Безобразов клятвенно сложил перед ним руки:
— Поверь, я от чистого сердца. Я ведь не говорю, чтобы ты рвался в Артур, где тебя уже перестали ждать. Но здесь‑то, во Владивостоке, покажи себя флотоводцем!
Скрыдлов вдруг треснул дланью по столу с такой силой, что с богатых чернильниц кувырнулись крышки, отлитые из бронзы в форме шлемов сказочных русских витязей.
— Кончено! — выкрикнул он, вставая (и Безобразов вскочил тоже). — Если ты решил, что, сидя здесь, я прячусь за твоей спиною, что я посылаю тебя на смерть, тогда в море ты больше не пойдешь… Да! Посиди‑ка на берегу вместе со мною. На этот раз крейсера поведет в океан другой адмирал.
— Кто?
— Иессен.
С портовых барж, обступивших крейсера, какой уж день принимали уголь и горючие брикеты. Над кораблями с утра до ночи играла музыка, нависало черное облако. «Уголь — это жизнь!» — завещал флоту Макаров, и длинные вереницы матросов, в три погибели согнутые под тяжестью мешков, таскали топливо в бункера крейсеров, так муравьи складывают свои яйца в потаенные хранилища муравейников. Уголь для моряков, как и яйца для муравьев, — это символ выживания, это надежда уцелеть. Панафидин, стоя на вахте, принял с берега катер, на котором Солуха и лекарь Брауншвейг доставили большую бутылищу с рыбьим жиром для поправки малокровных матросов.
— А что на берегу? — спросил их мичман.
— Почти блаженная Аркадия, полно публики…
Сдав вахту, Панафидин навестил Хлодовского, прося разрешения отлучиться на берег. Старший офицер обмахивался от духоты красивым японским веером, перед ним лежал еще майский номер американской газеты «Нью‑Йорк Геральд» с корреспонденцией из Петербурга о чествовании героев крейсера «Варяг».
— Присядьте… Здесь американцы пишут, что один из наших матросов в бою при Чемульпо получил сто шестьдесят осколков сразу. Они ошпарили его всего, как кипятком. Снаряды японцев с начинкою из шимозы разлетаются в брызги металла, которые можно исчислить в две‑три тысячи. Наши пироксилиновые дают не больше сотни осколков. Если учесть, что японский флот вооружала английская фирма Армстронга, то… выводы печальны.
— Почему? — удивился Панафидин. — Разве у нас когда‑либо возникали сомнения в превосходстве русской артиллерии?
В руке Хлодовского отчаянно трепетал веер.
— В том‑то и дело, что еще не возникало… Можете идти на берег, — неожиданно сказал он, не закончив разговора.
В самом конце Ботанической, близ Гнилого Угла и речки Объяснений, где гнездилась городская беднота и рабочий люд, Панафидин отыскал убогое жилье почтового чиновника Гусева. Старик обрадовался, стряхнул с колен жирного кота:
— А, Сережа… господин мичман. Вот радость‑то…
За самоваром Гусев сообщил, что квартет распался:
— Полковник Сергеев, интендант, хорошо на альте играл. А воровал еще лучше! Уже под следствием, а ведь как тонко музыку понимал, окаянный…
— Значит, у Парчевских вы не бываете?
— Да где там! Я ведь и бывал там лишь ради моей скрипки, чтобы она не скучала. — Кажется, Гусев догадался, что мучает мичмана. — Вия Францевна, конечно, барышня завидная. С папенькиных гонораров любой пень станет красив. Господин Парчевский в год больше вашего Скрыдлова имеет… Адмиралами‑то у вас на флоте когда становятся?
— Да годам к пятидесяти.
— Вот тогда и являйтесь на Алеутскую, чем не жених?..

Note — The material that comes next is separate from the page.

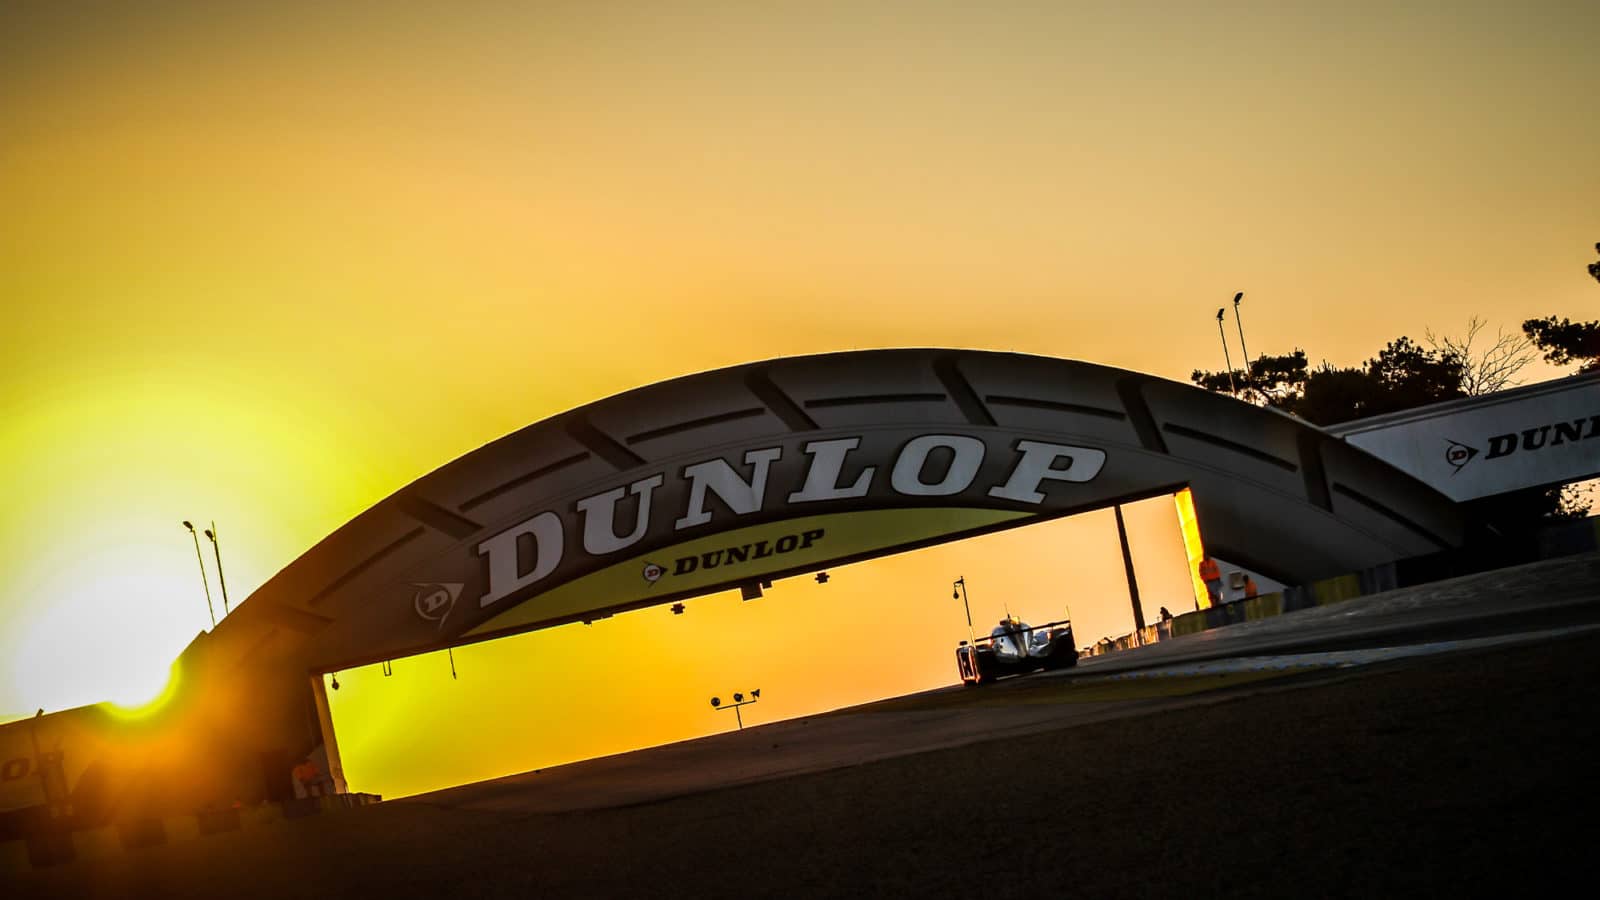 Le Mans Dunlop Bridge at sunset

Панафидин собрался уходить. Сказал:
— А жаль! Жаль, что квартет наш распался.
— Э, Сережа… Живете вы там по каютам, как суслики в норках, и ничего не знаете. Тут не только квартет — тут вся Россия скоро распадется. Умирать‑то на войне русские хорошо научились. Вот только жить хорошо никак не научатся. Уж больно много воровать стали. И кто богаче, тот и крадет больше. Признак опасный! Недаром в древнем Китае мудрецы говорили: государство разрушается изнутри, а внешние силы лишь завершают его поражение…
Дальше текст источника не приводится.